1993 – 2007 гг.
Литературная жизнь моя с 1993 года стала напряженнее, сложнее и оживленнее. С приливами, отливами, неявным большому миру звезденьем и парой-тройкой отказов от довольно серьезных для автора вещей. Съемки на телеканале “Культура”, например. Для описания придется поднимать не одну тонну материалов, но я библиотекарь.
Теперь время в записках пойдет плотнее: больше информации на страницу, и потому часть людей, которых я знала, просто здесь не появится.

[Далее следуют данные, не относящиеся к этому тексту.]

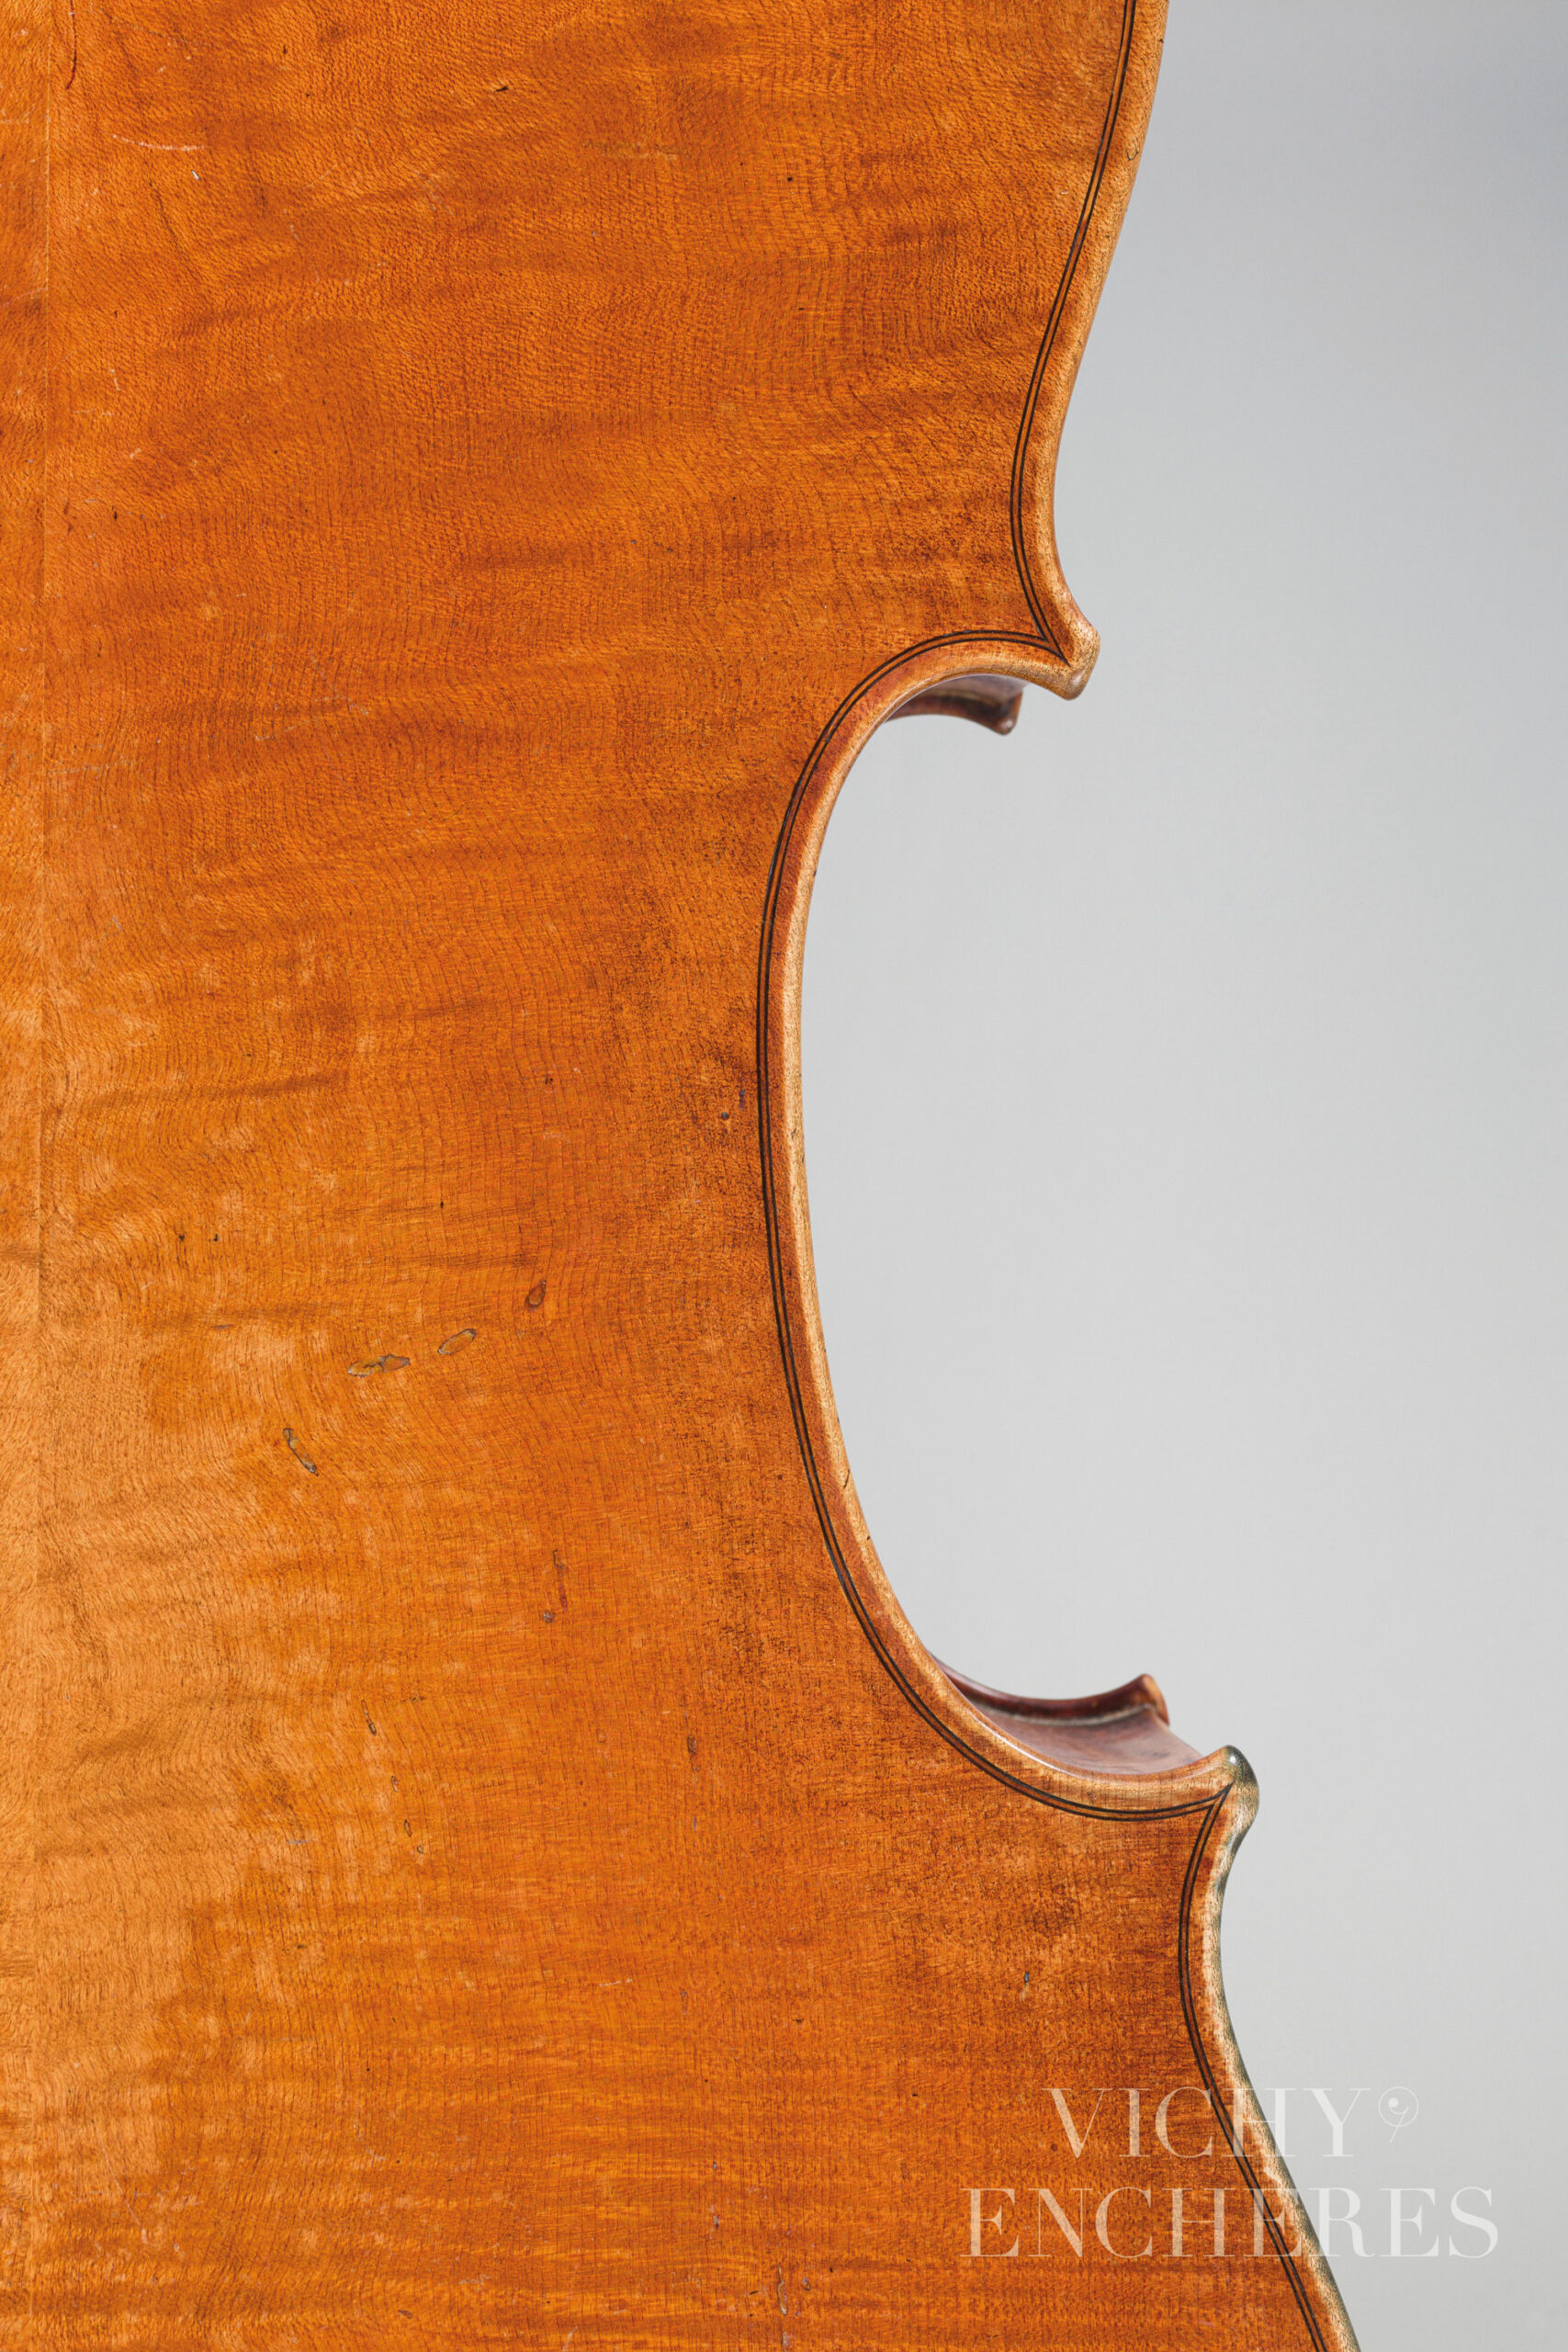 Violoncelle de Jean-Baptiste VUILLAUME Ex Jean-Michel Moulin Instrument mis en vente par Vichy Enchères le 1er décembre 2022 © Christophe Darbelet

Но вернусь несколько назад, когда я еще не совсем рассталась с Соколовским, но уже обросла новыми знакомыми. Знакомые были более чем интересные и очень разные. Однако, благодаря этой разности я до сих пор вижу общие черты. Нам всем было 12-14 лет, когда мы смотрели новый фильм “Остров сокровищ”. Первоклашками мы пели “На дурака не нужен нож” из “Приключений Буратино” и древний, но душевный блатняк. Едва закончилась начальная школа и начались иностранные языки и химия, в нашу жизнь вошел Афганистан. Мы поняли, что жить нам придется в штормовом море. Потому у всех моих знакомых, особенно мужского пола, до сих пор тяга к головокружительным проектам, по сути неосуществимым. Это все от любви к приключениям и чувства симпатии мира к нам, которую младшие наши ровесники, примерно 1975 года рождения, уже ощутить не смогли. Мальчишки намазывали на хлеб горчицу, девчонки намазывали синие школьные спины мальчиков зубной пастой и дрались как валькирии. Мальчишки не отставали.

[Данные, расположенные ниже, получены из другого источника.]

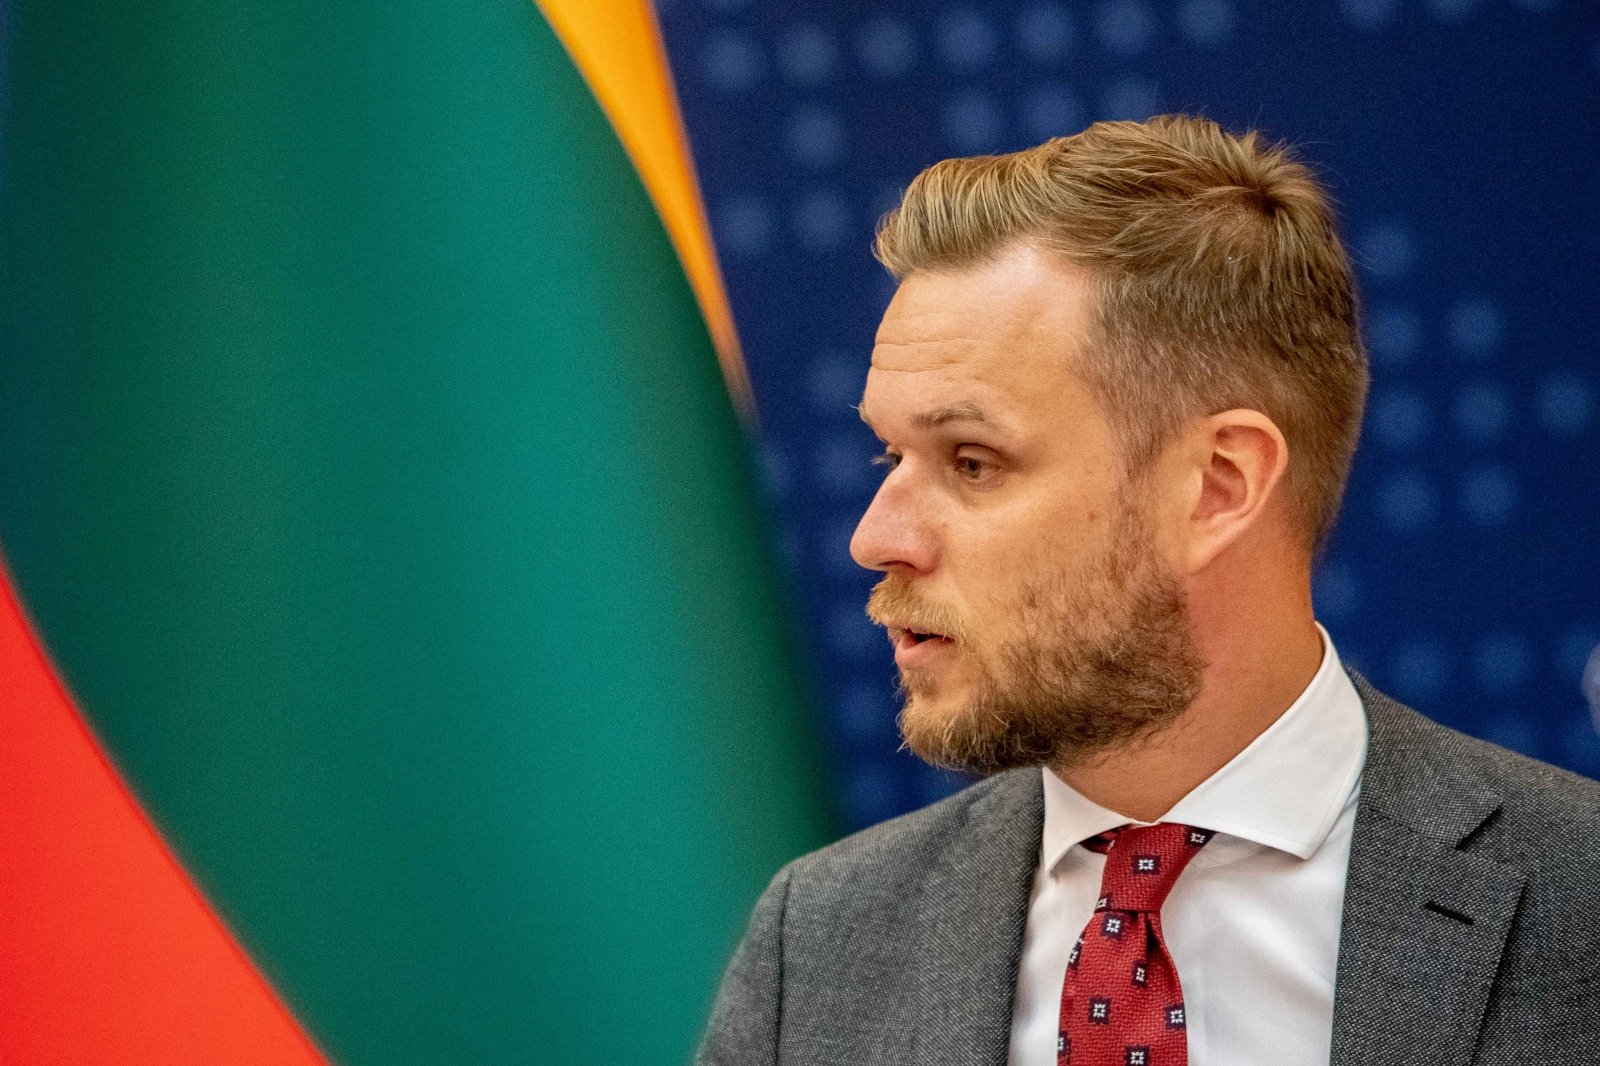 Landsbergis: Amerikos verslas vertina Lietuvos politinę poziciją

Лето 1993 запомнилось мне синтетической юбкой-солнце. Мать моя, с которой были очень странные отношения, как-то купила ацетатный шелк довольно хипповой расцветки: лиловые цветы, розовые и оранжевые пятна. Но он кому-то не подошел, и его отдали мне. Шелк сыпался, шить его было трудно, шила я на руках и косо, но за день сделала веселую летнюю юбку – солнце-клеш, косенькую по подолу, но длинную, так что перекос заметен почти не был.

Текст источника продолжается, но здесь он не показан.